WHAT THE TASK ASKS: The data must be given again exactly as written, with all images omitted.

DATASET CONTENT:
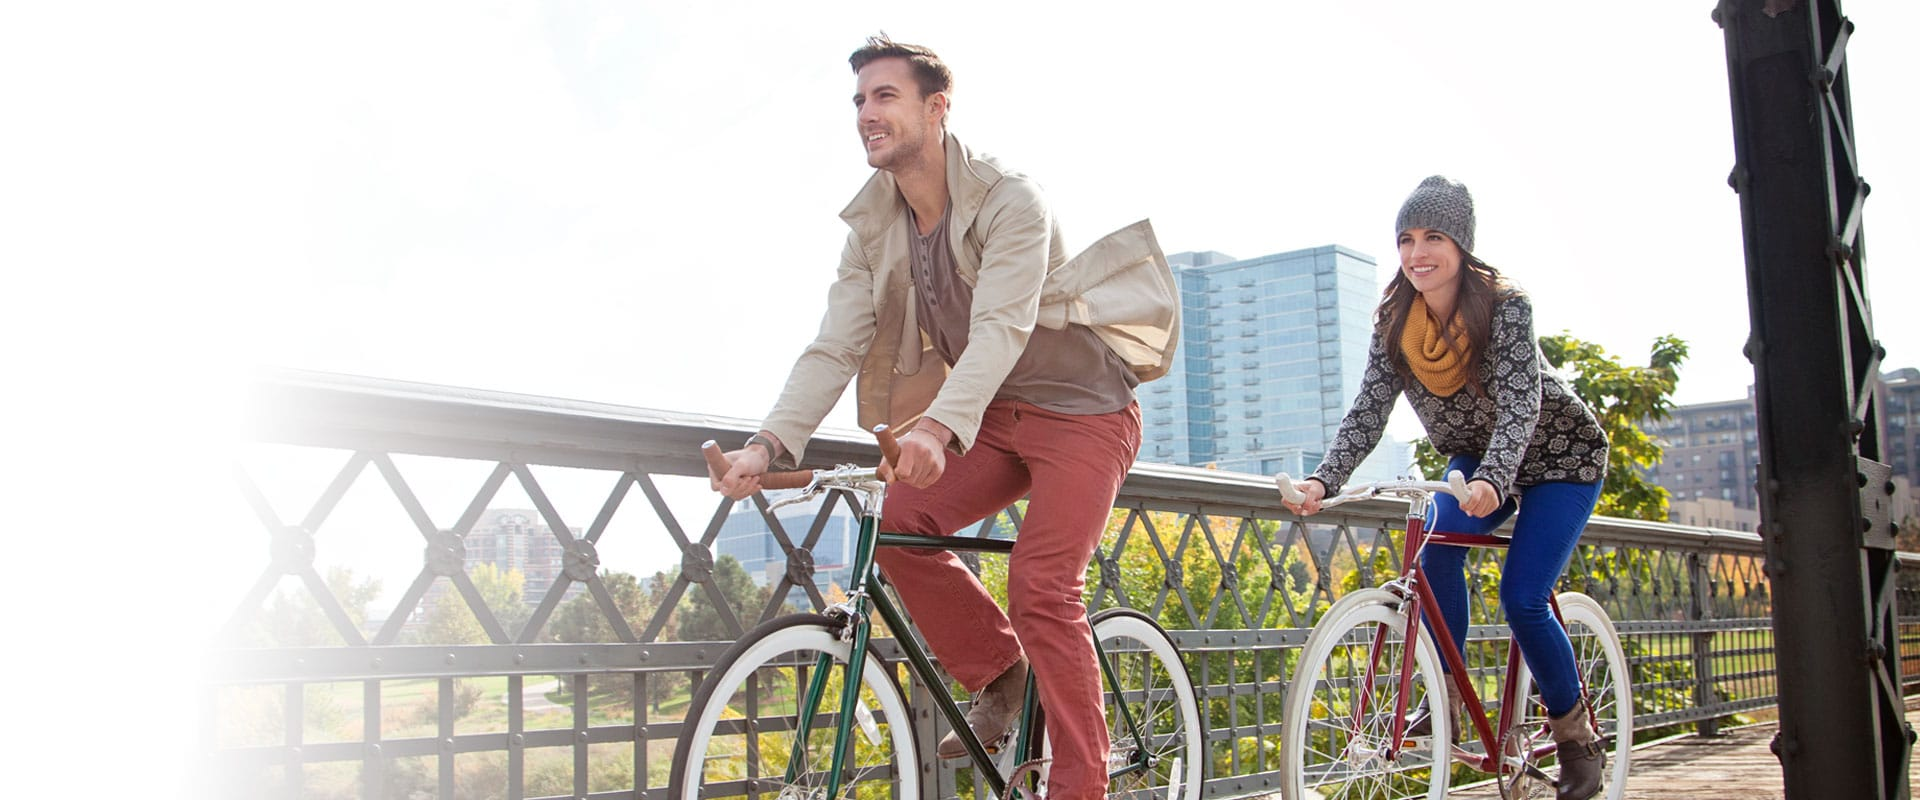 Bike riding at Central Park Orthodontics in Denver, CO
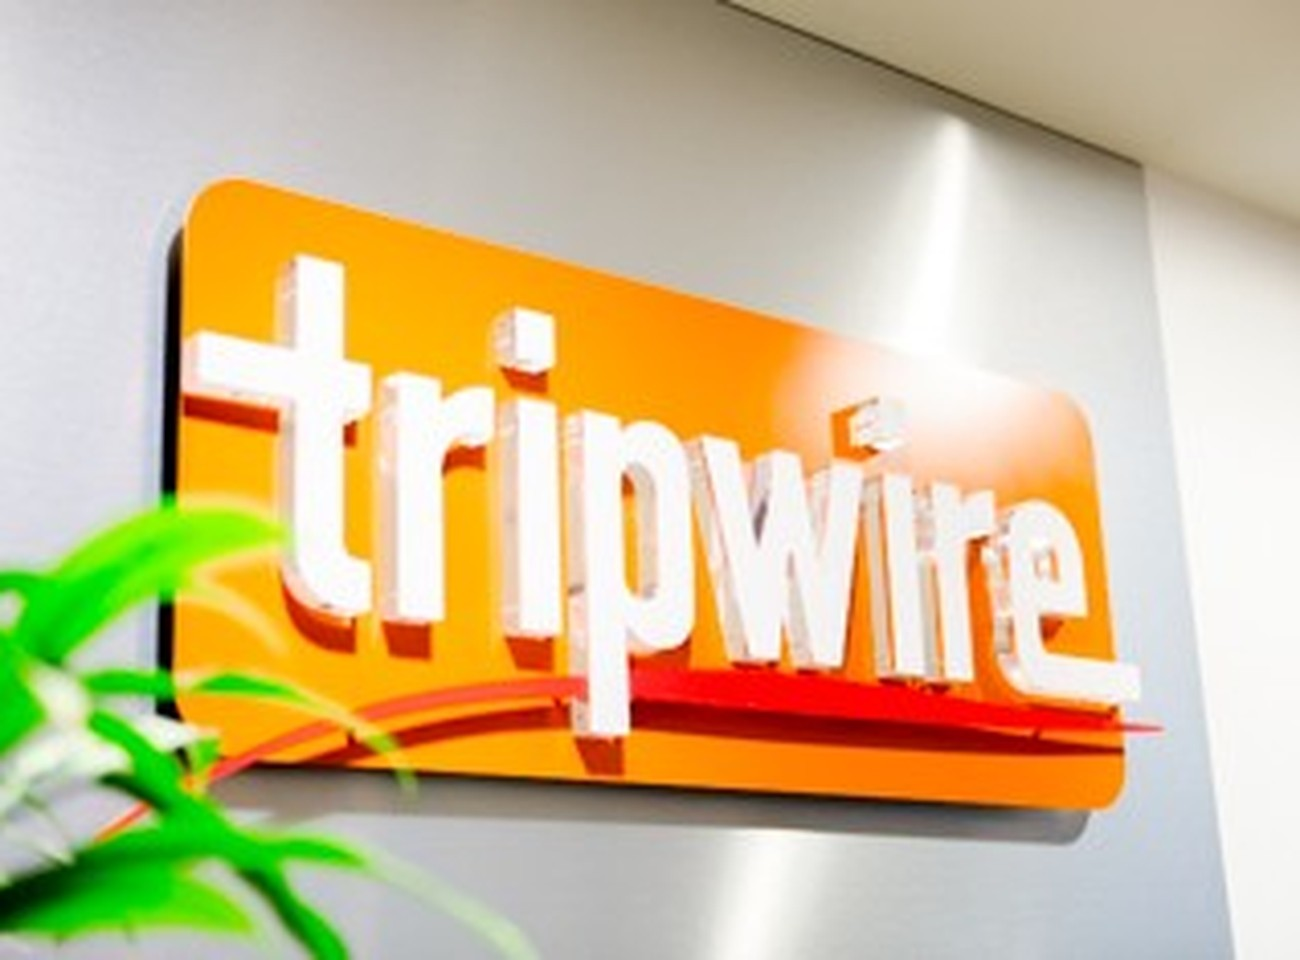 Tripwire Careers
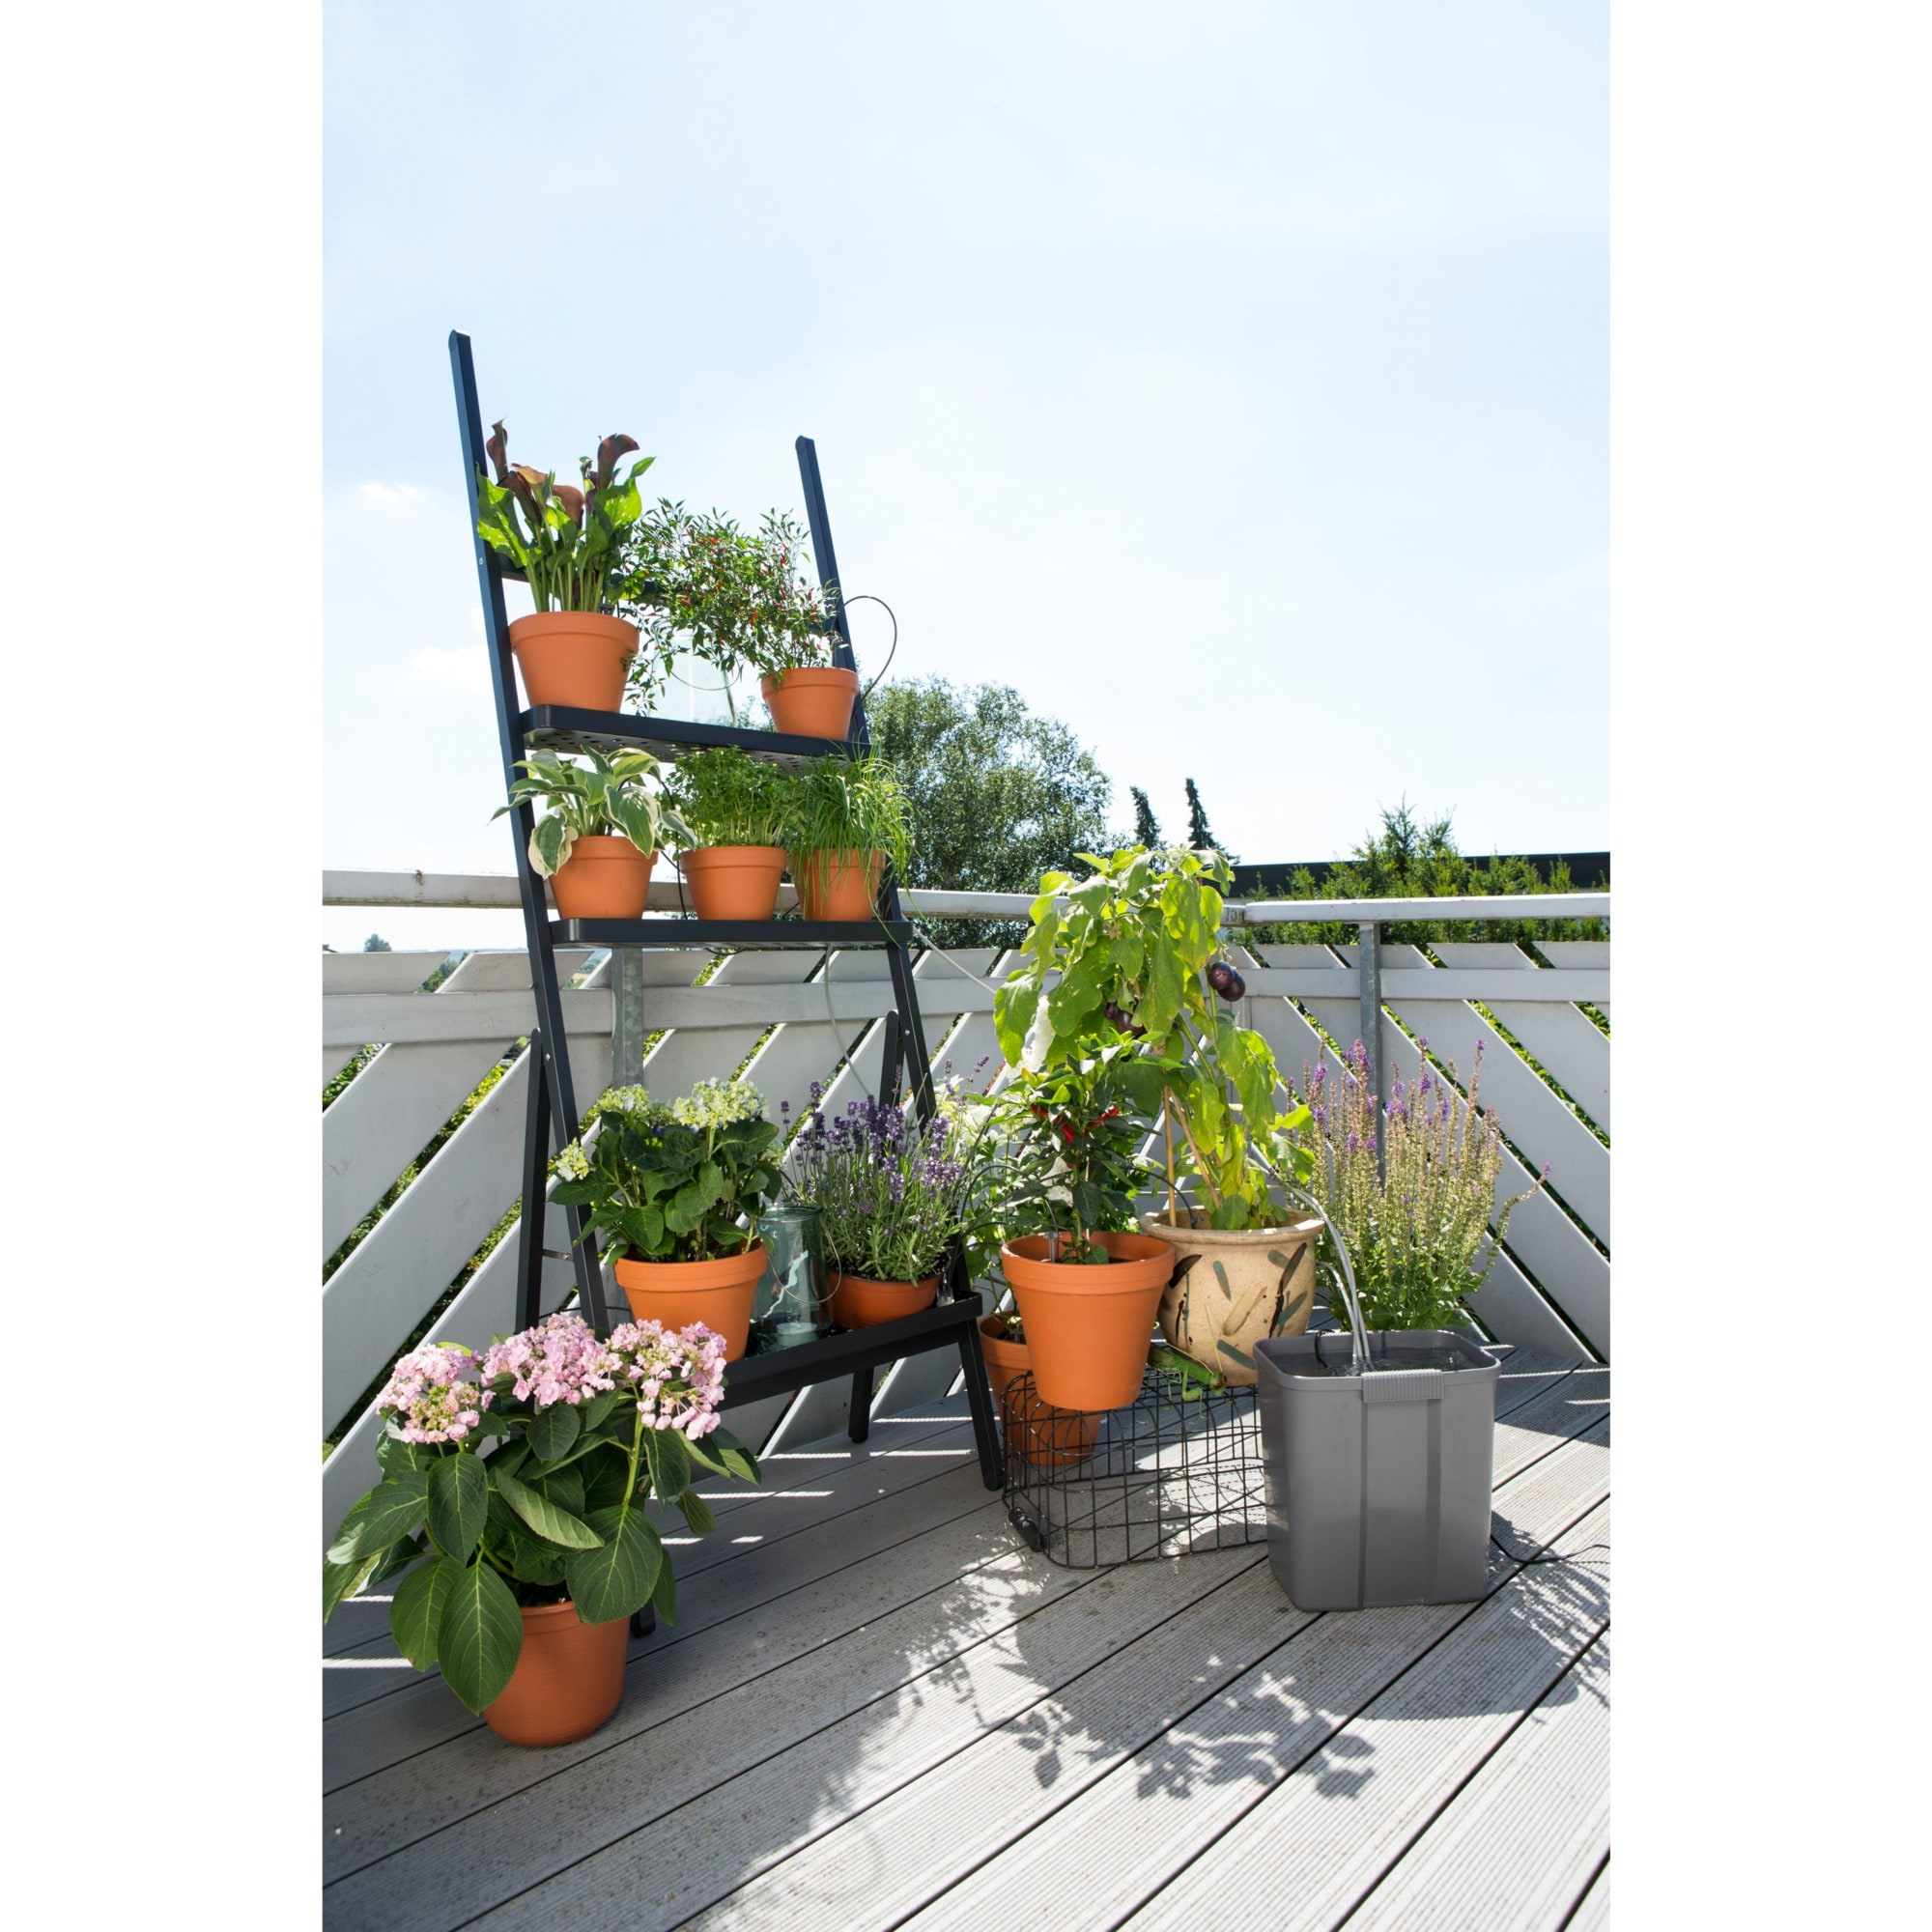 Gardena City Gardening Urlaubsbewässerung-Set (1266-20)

ANSWER TO THIS PROBLEM:
 Bike riding at Central Park Orthodontics in Denver, CO
 Tripwire Careers
 Gardena City Gardening Urlaubsbewässerung-Set (1266-20)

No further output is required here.